22:20:42:WU00:FS00:0x22:Saving result file ..\logfile_01.txt
22:20:42:WU00:FS00:0x22:Saving result file science.log
22:20:42:WU00:FS00:0x22:Folding@home Core Shutdown: BAD_WORK_UNIT
22:20:42:WARNING:WU00:FS00:FahCore returned: BAD_WORK_UNIT (114 = 0x72)
22:20:42:WU00:FS00:Sending unit results: id:00 state:SEND error:FAULTY project:13446 run:6351 clone:17 gen:0 core:0x22 unit:0x000000110000000000003486000018cf
22:20:42:WU00:FS00:Uploading 2.82KiB to 54.157.202.86
22:20:42:WU00:FS00:Connecting to 54.157.202.86:8080
22:20:43:WU00:FS00:Upload complete
22:20:43:WU00:FS00:Server responded WORK_ACK (400)
22:20:43:WU00:FS00:Cleaning up
jchodera commented 3 years ago

@peastman Did we ever figure out where this is coming from? I'm still seeing a ton of this on Folding@home.

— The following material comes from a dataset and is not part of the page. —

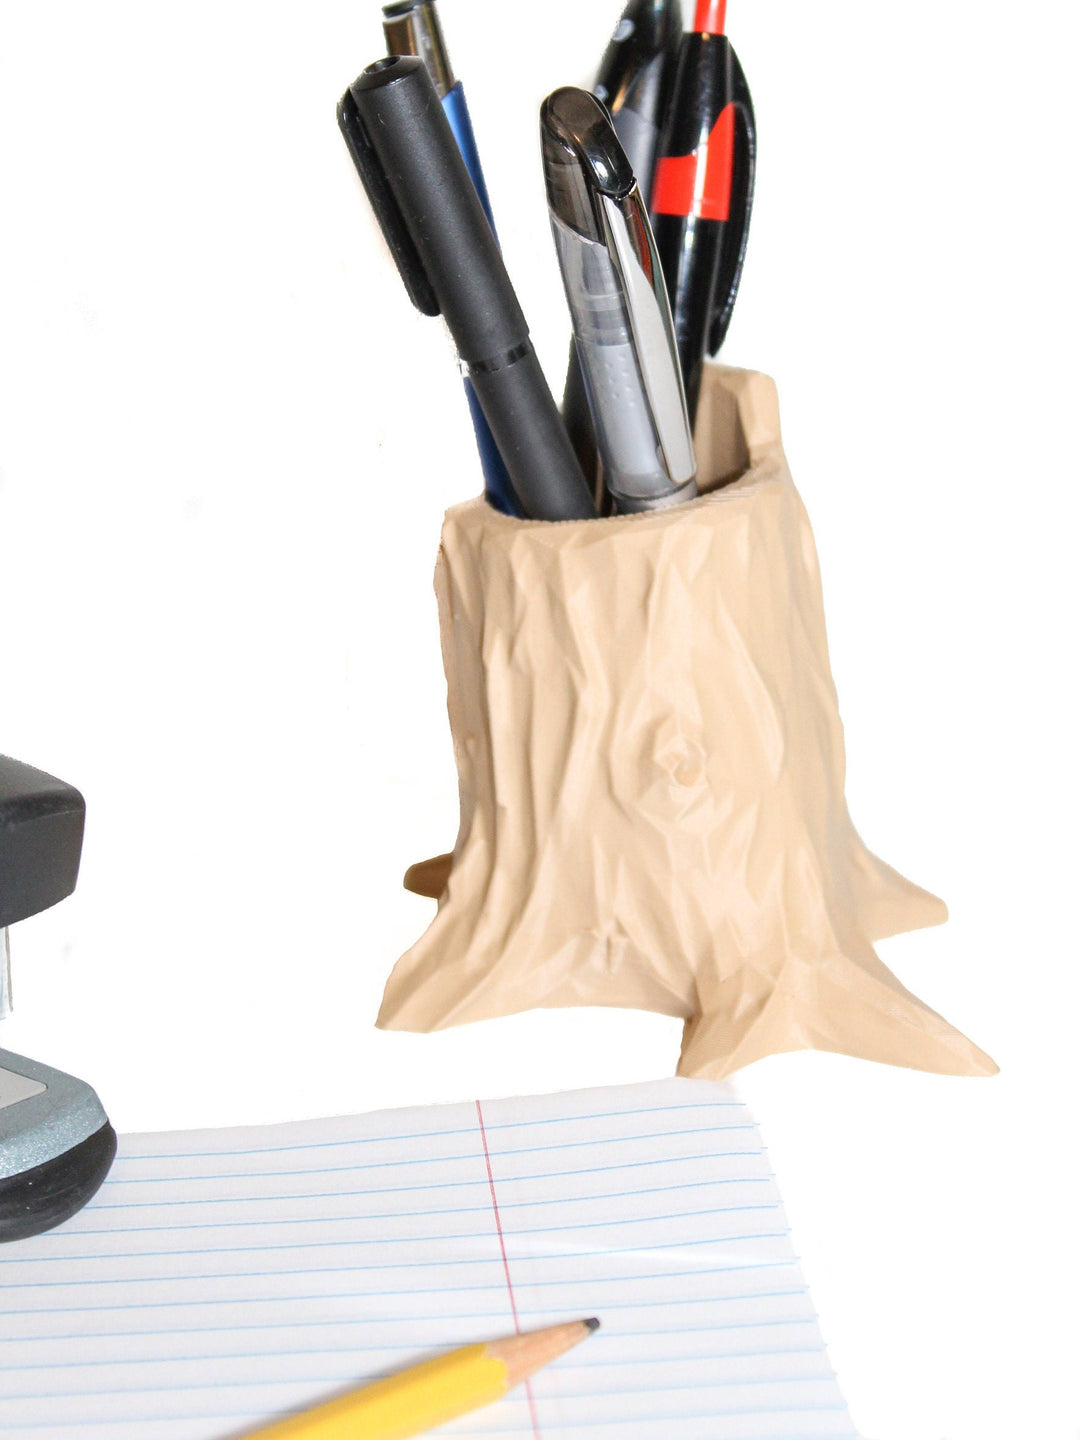 Tree Stump Pen Holder for Office, School Desk Organization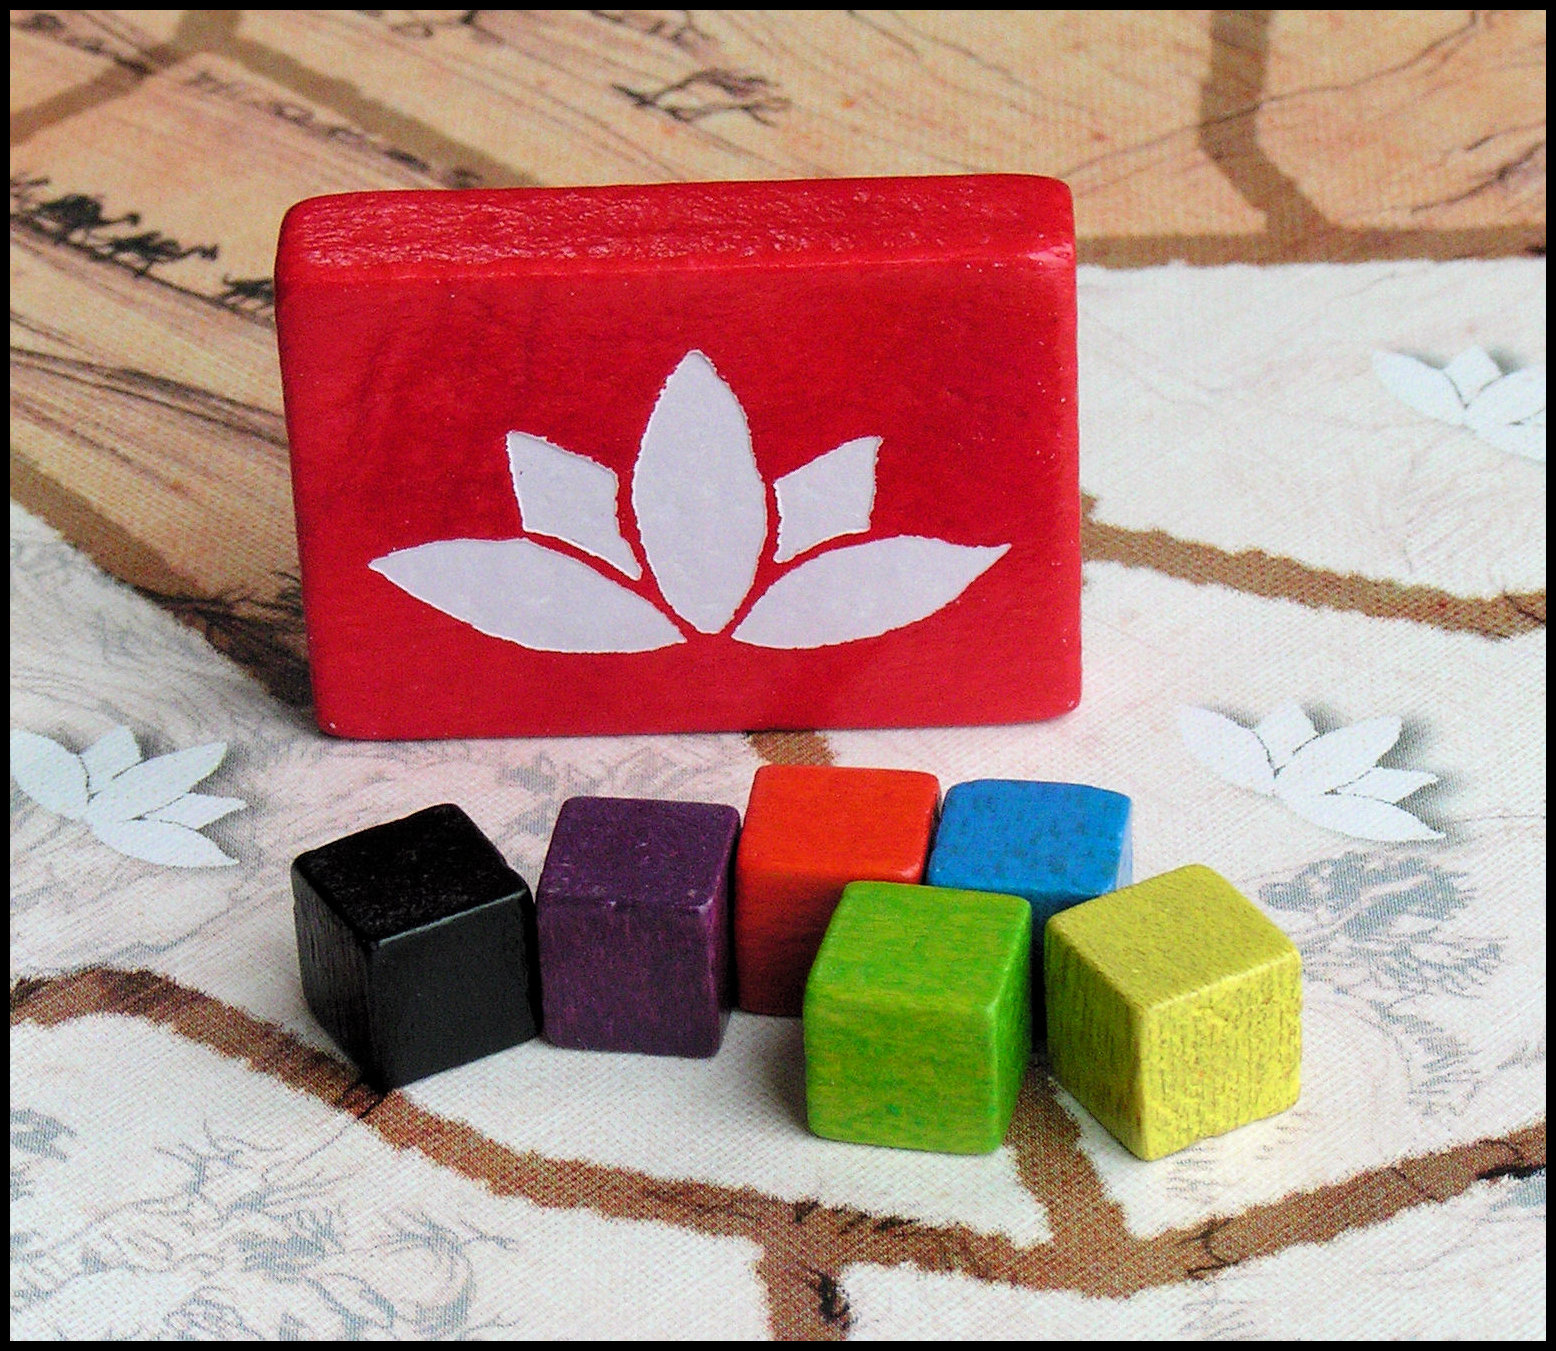 Der Weisse Lotus - White Lotus And Player Cubes

peastman commented 3 years ago

Not that I know of. I gave some suggestions above on how we could begin tracking it down.

bdenhollander commented 1 year ago

Double precision FP was an extension to OpenCL 1.0 and 1.1. It became an optional part of OpenCL 1.2 but the the extension was kept for backwards compatibility. Alternatively, clGetDeviceInfo can be used to check that CL_DEVICE_NATIVE_VECTOR_WIDTH_DOUBLE is greater than 0 to confirm a device supports double precision FP. Listing cl_khr_fp64 in CL_DEVICE_EXTENSIONS is still required in OpenCL 3.0 (pg. 77) so it will continue to be valid as a check for double precision.

An overzealous driver was probably to blame for throwing a warning when cl_khr_fp64 was explicitly enabled on OpenCL 1.2+. https://github.com/openmm/openmm/blob/76520ce48ffcc667eec088f5d292ef6ca238353e/platforms/opencl/src/OpenCLContext.cpp#L606-L607 Wrapping this pragma inside an OpenCL version check may avoid having the issue reappear.

peastman commented 1 year ago

A PR removing the pragma would be welcome! There's no need for a version check. We don't support versions earlier than 1.2 anymore.